Instructions for the task |
Skip every picture, and copy exactly the lines from the one containing "Nido Coffee Table, Black Metal" to the end of the data.

[Supplied data — start]

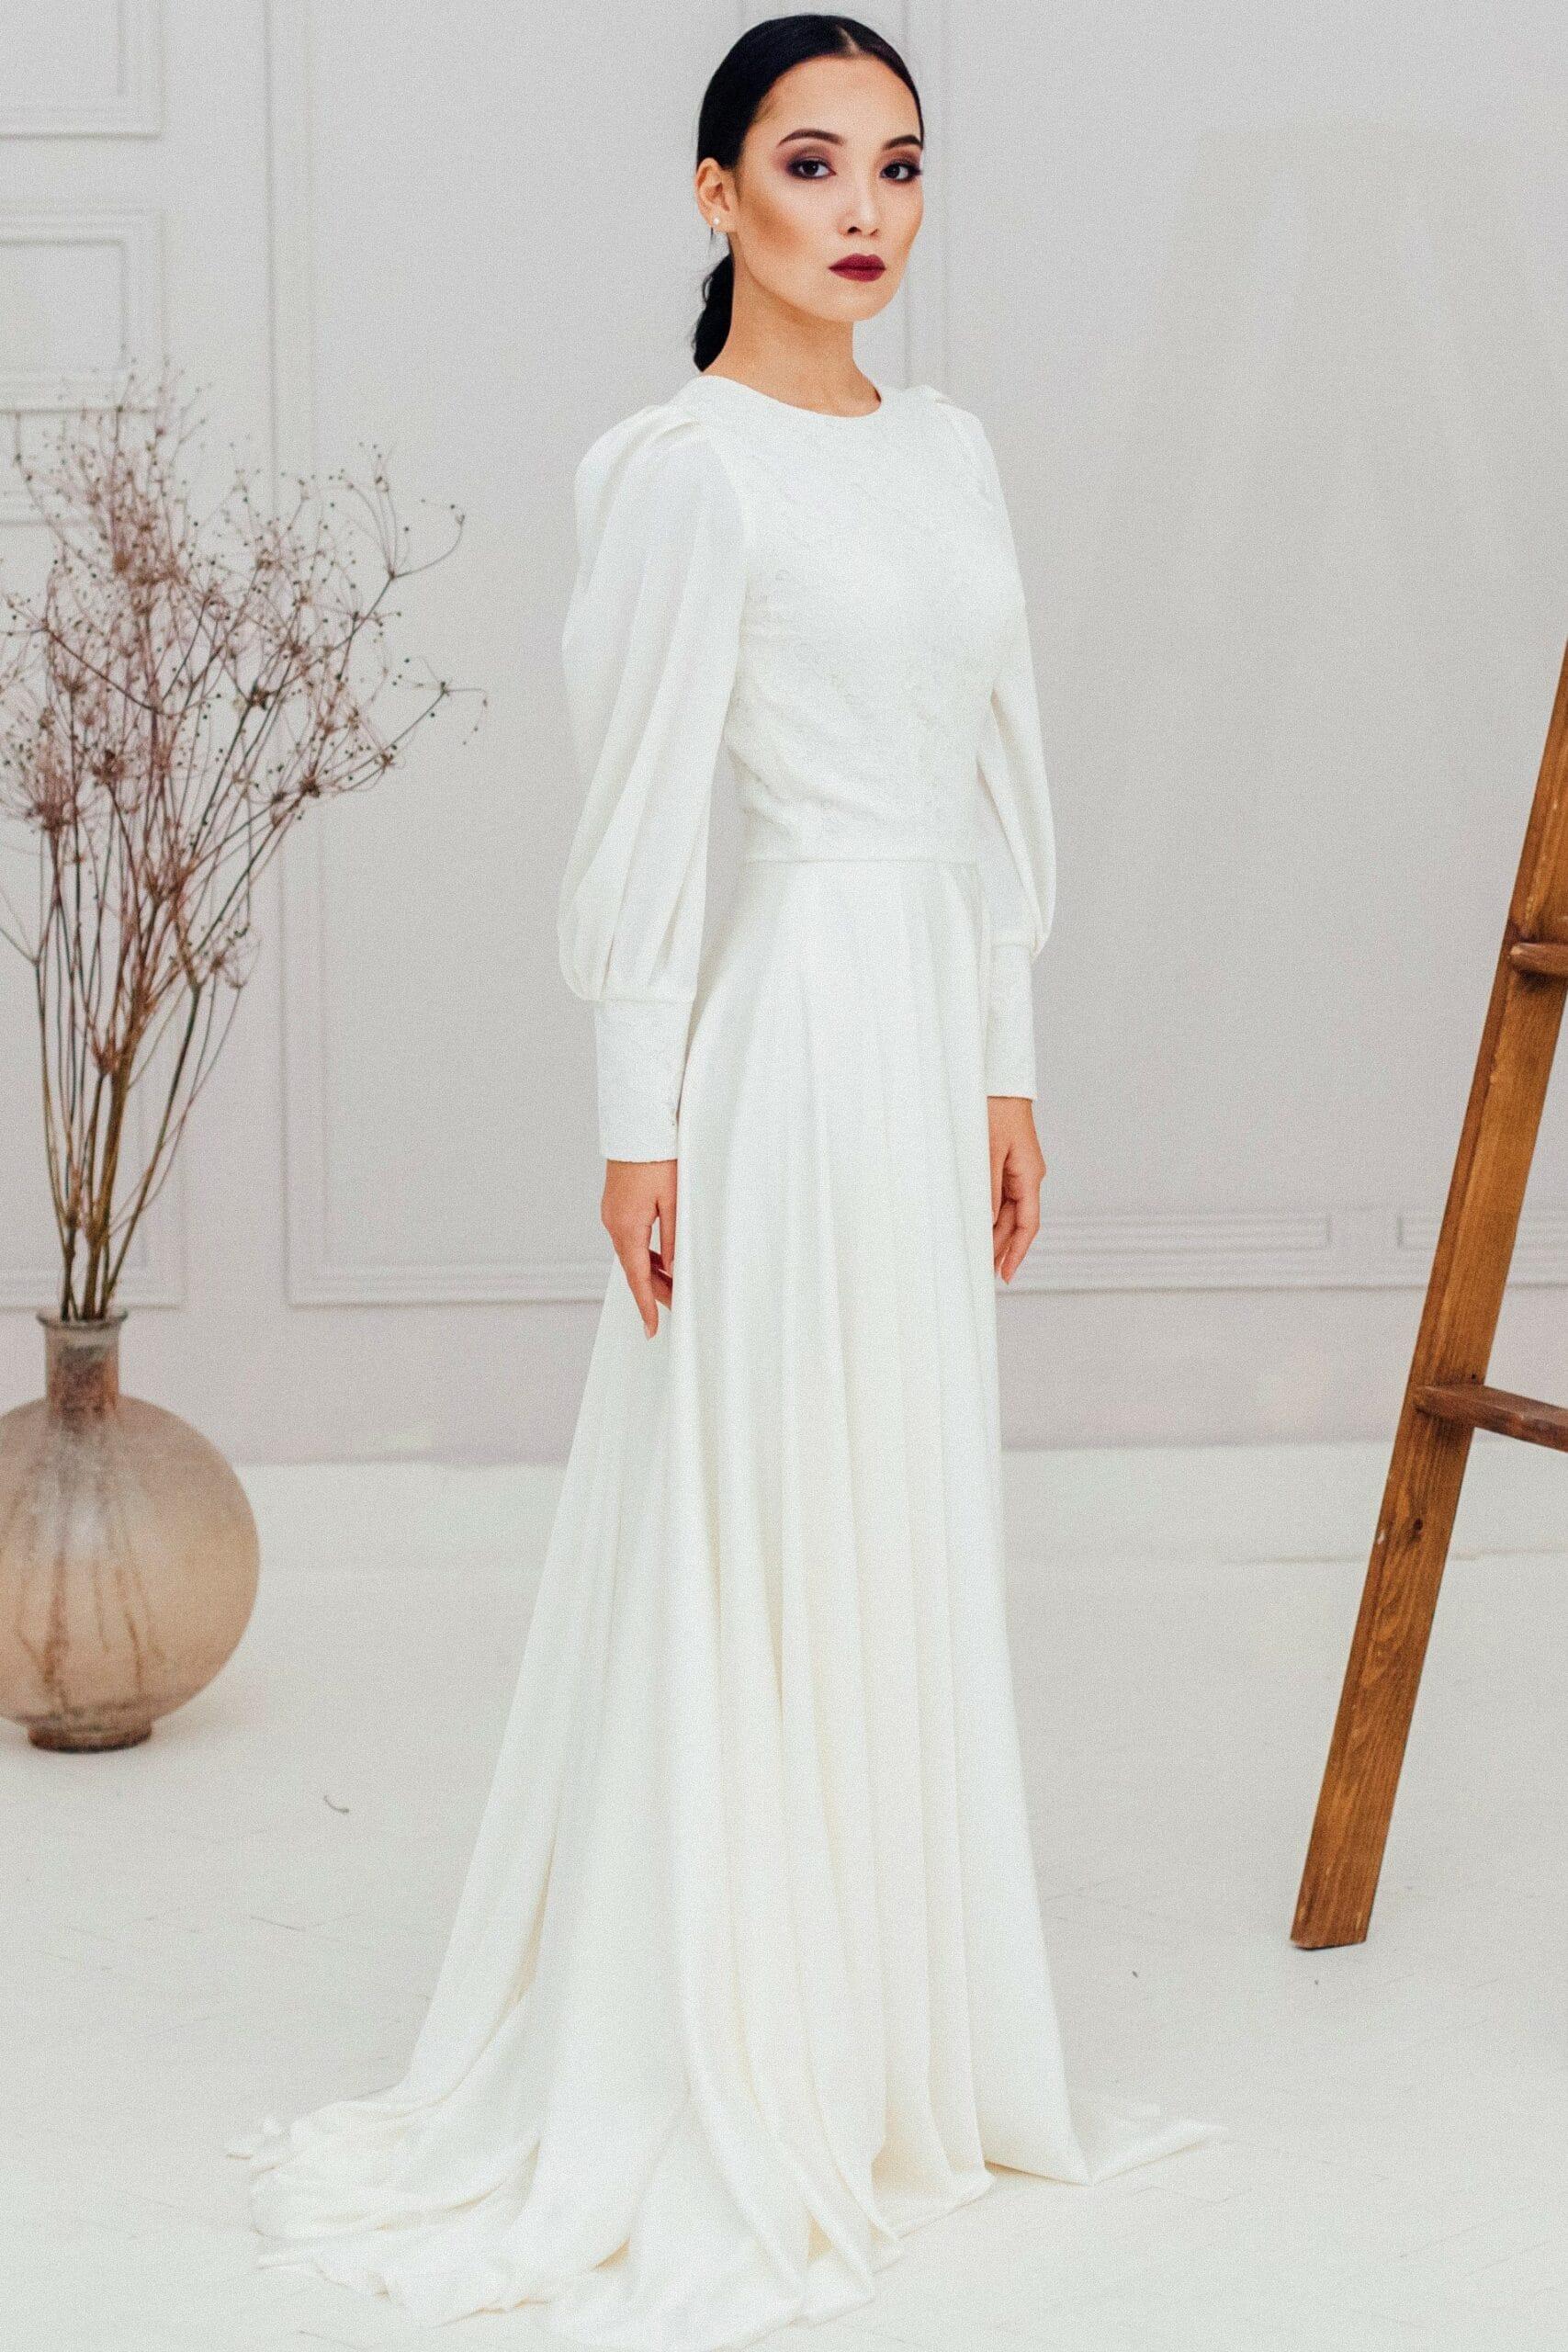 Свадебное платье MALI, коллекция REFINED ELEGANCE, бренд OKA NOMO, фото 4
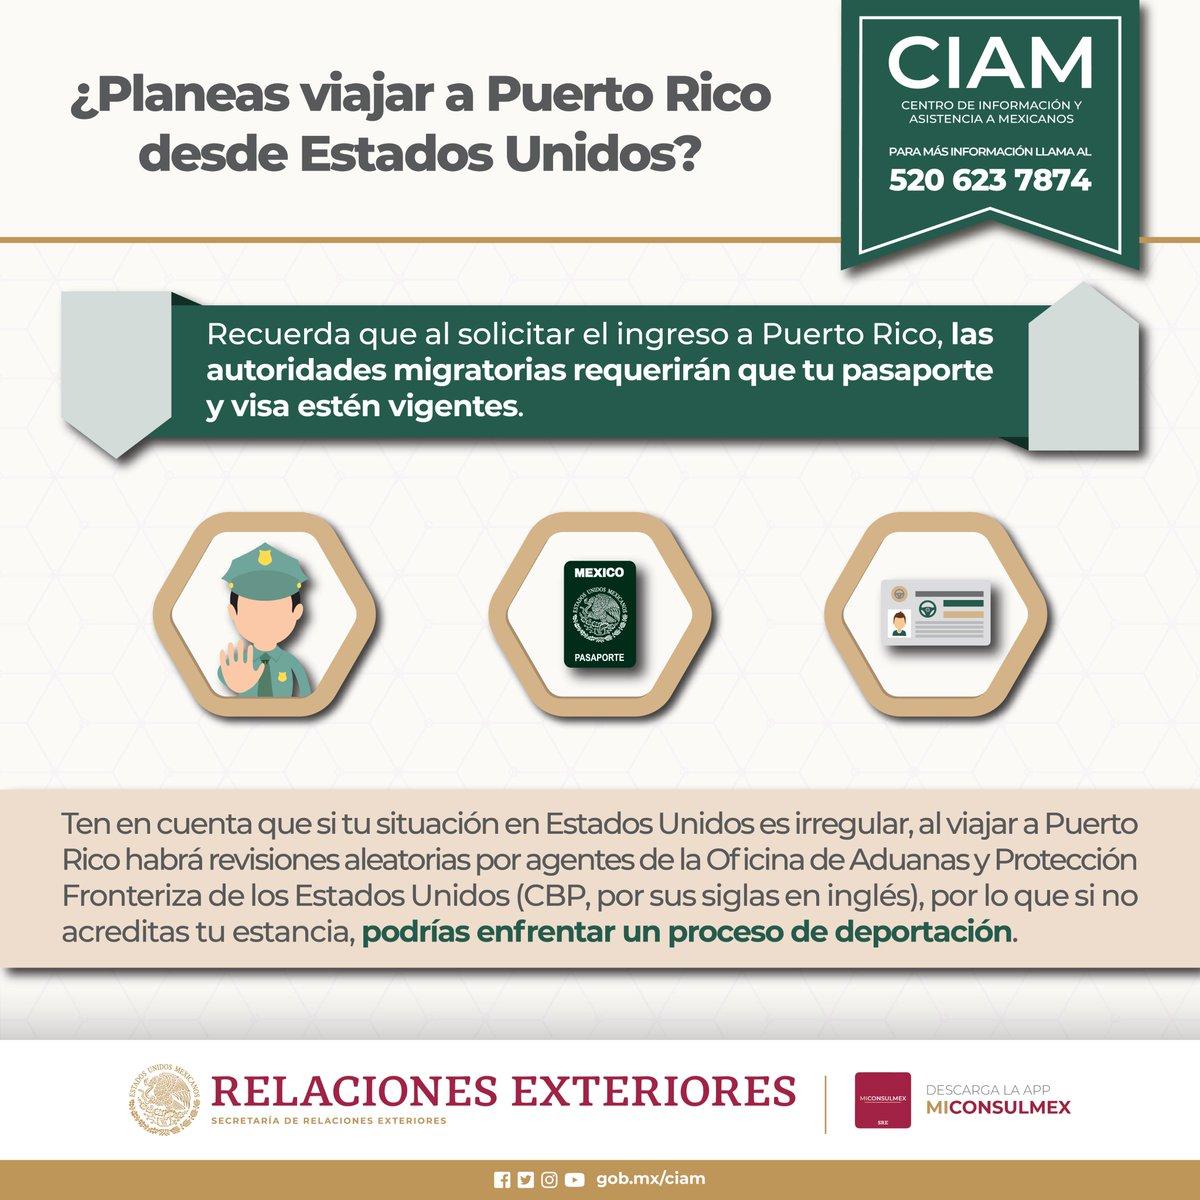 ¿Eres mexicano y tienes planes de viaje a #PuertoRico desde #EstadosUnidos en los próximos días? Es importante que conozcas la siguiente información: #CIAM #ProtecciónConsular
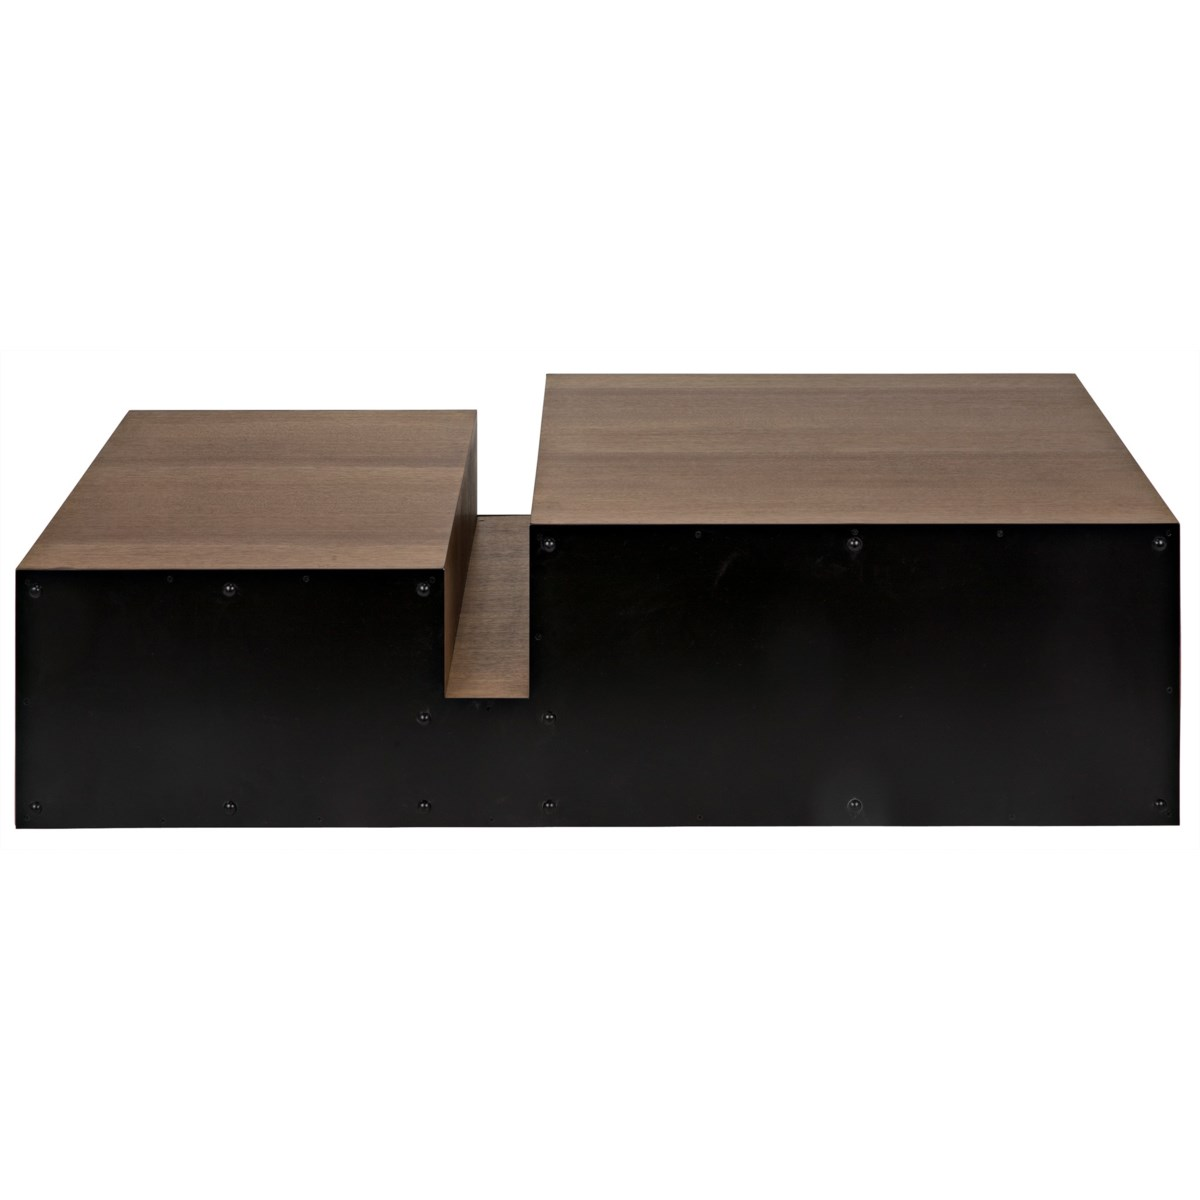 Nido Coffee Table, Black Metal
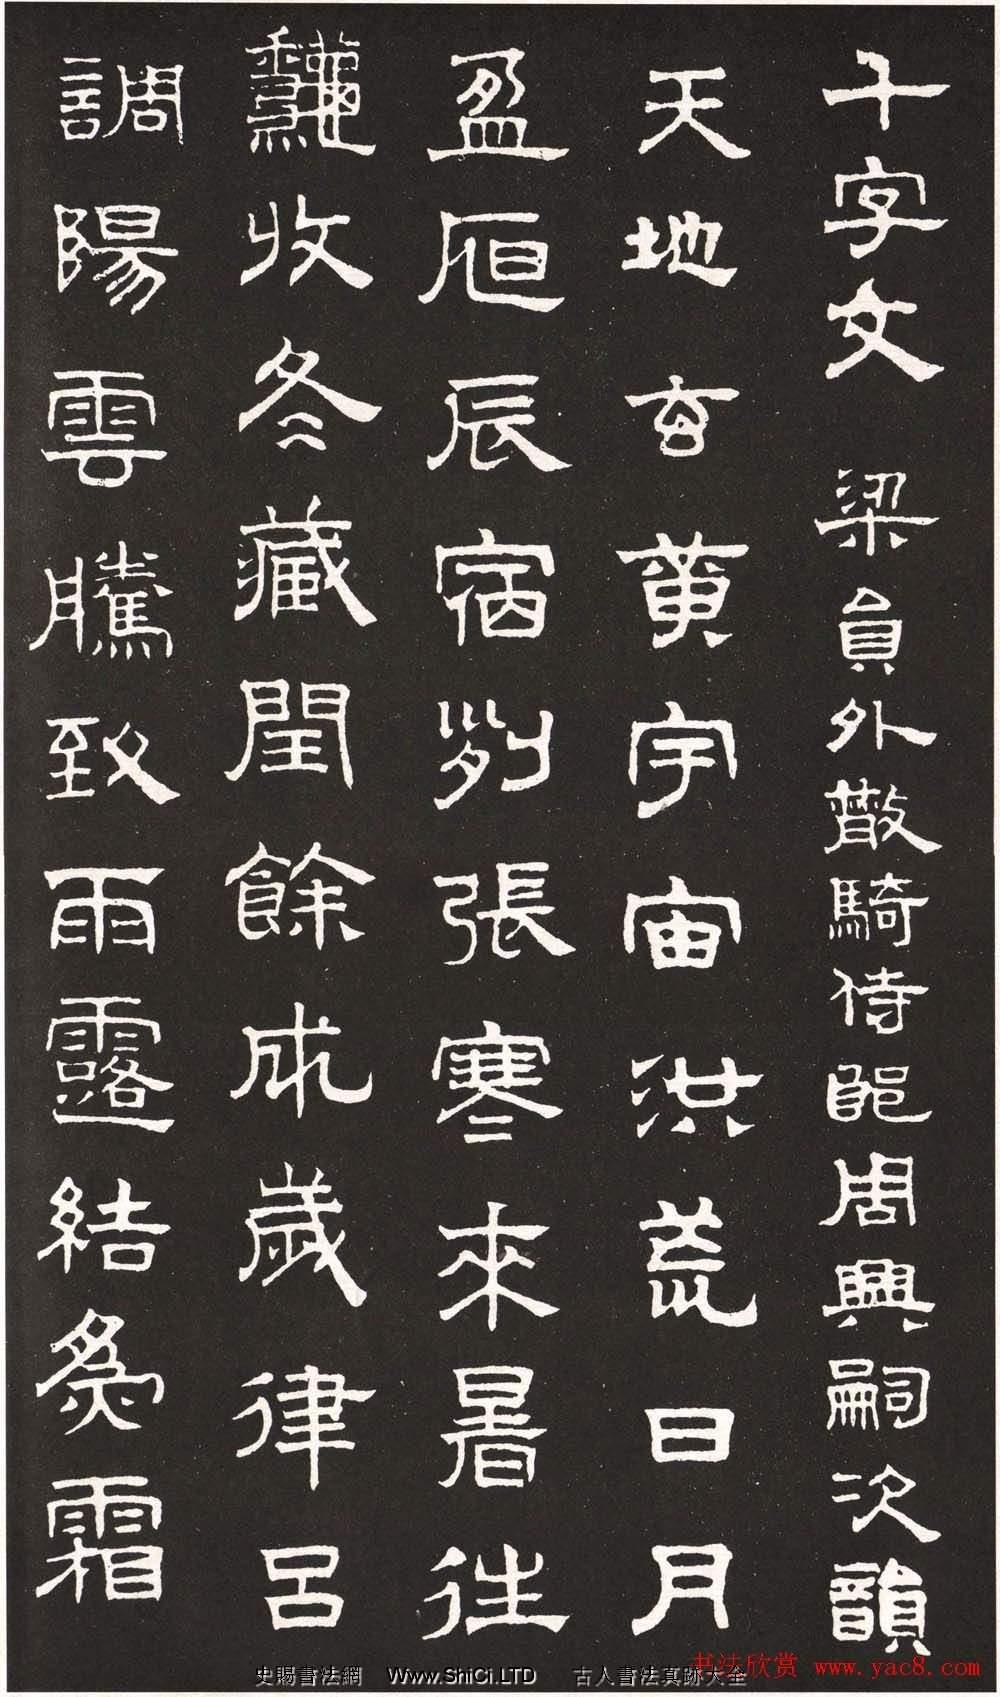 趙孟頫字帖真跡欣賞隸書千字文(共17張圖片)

[Supplied data — finish]

Reply to the exercise |
 Nido Coffee Table, Black Metal
 趙孟頫字帖真跡欣賞隸書千字文(共17張圖片)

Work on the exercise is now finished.